JSON Lines import with one bad record. Three lines such as {"name":"Ada","score":98} can become a JSON object array or Markdown table. If line 2 is malformed, the summary changes to Needs repair and reports a JSON Lines parse error with the line number.
Uneven pipe-delimited rows. A row like Ada|Engineer|UK beside Grace|Analyst produces a padded missing cell. Grid Preview shows the blank or selected token, Column Profile lowers the fill percentage, and Conversion Audit records how many cells were padded.

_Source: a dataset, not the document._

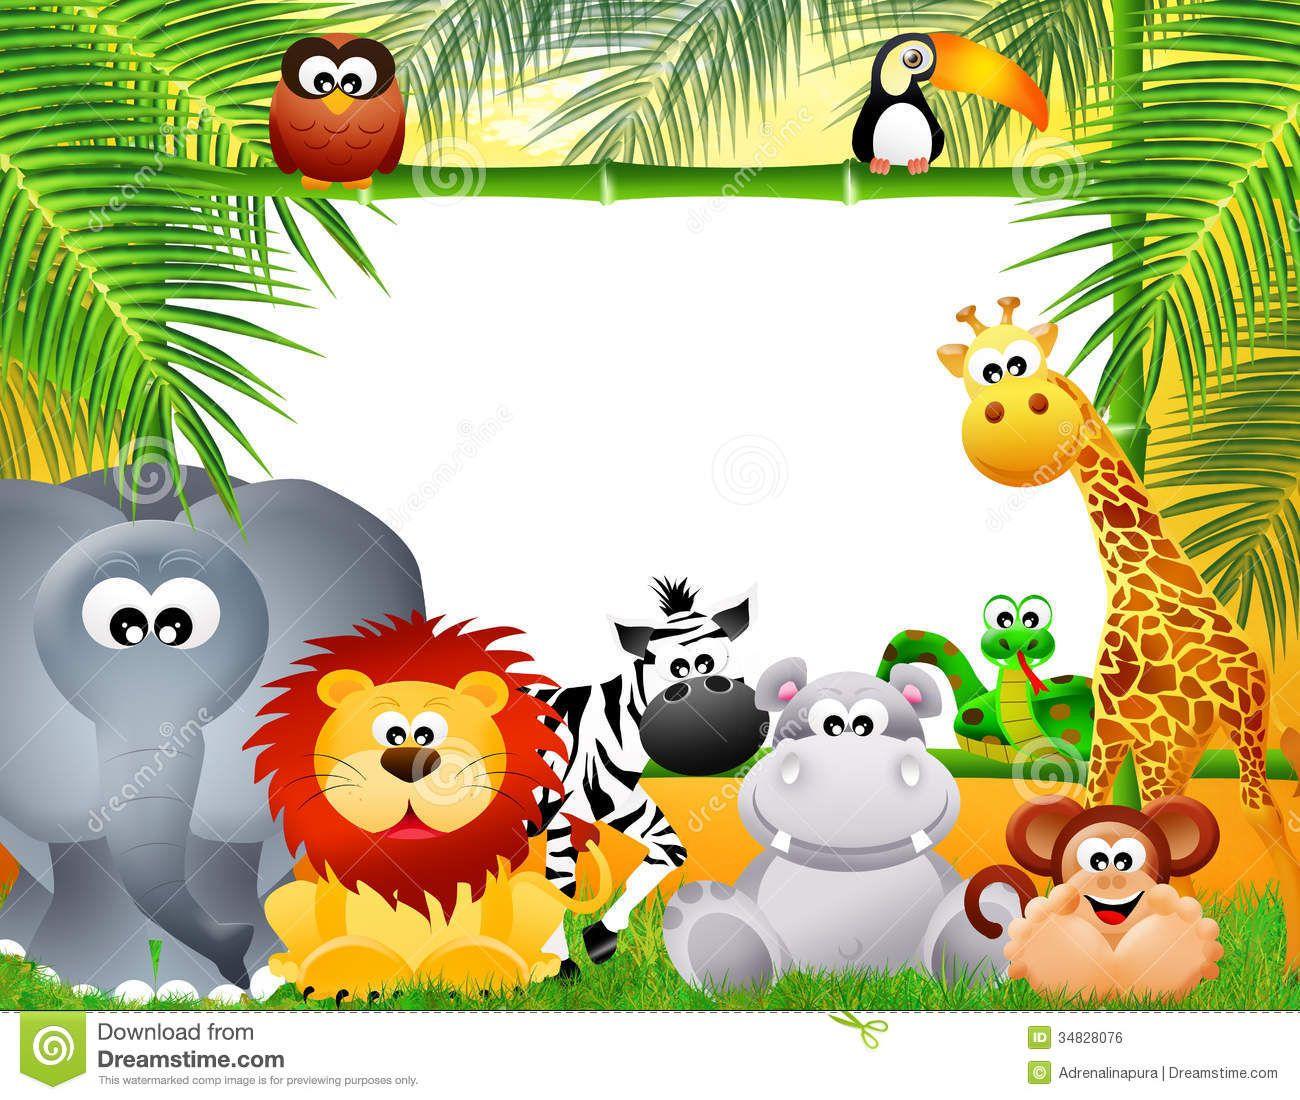 Zoo animal border clipart free clipart royalty free library Zoo Animals Cartoon Royalty Free Stock Image - Image ... clipart royalty free library

Spreadsheet-bound safety check. A cell containing =IMPORTXML(...) is prefixed with an apostrophe when Spreadsheet formula guard is on. Conversion Audit reports how many formula-looking cells were guarded before the output is copied or downloaded.
FAQ:
Why did Auto detect choose the wrong source format?
Auto detection favors recognizable HTML, JSON Lines, JSON, Markdown, and consistent common delimiters. If your text uses a rare separator or contains many separator-like characters inside values, choose the source format or custom delimiter manually.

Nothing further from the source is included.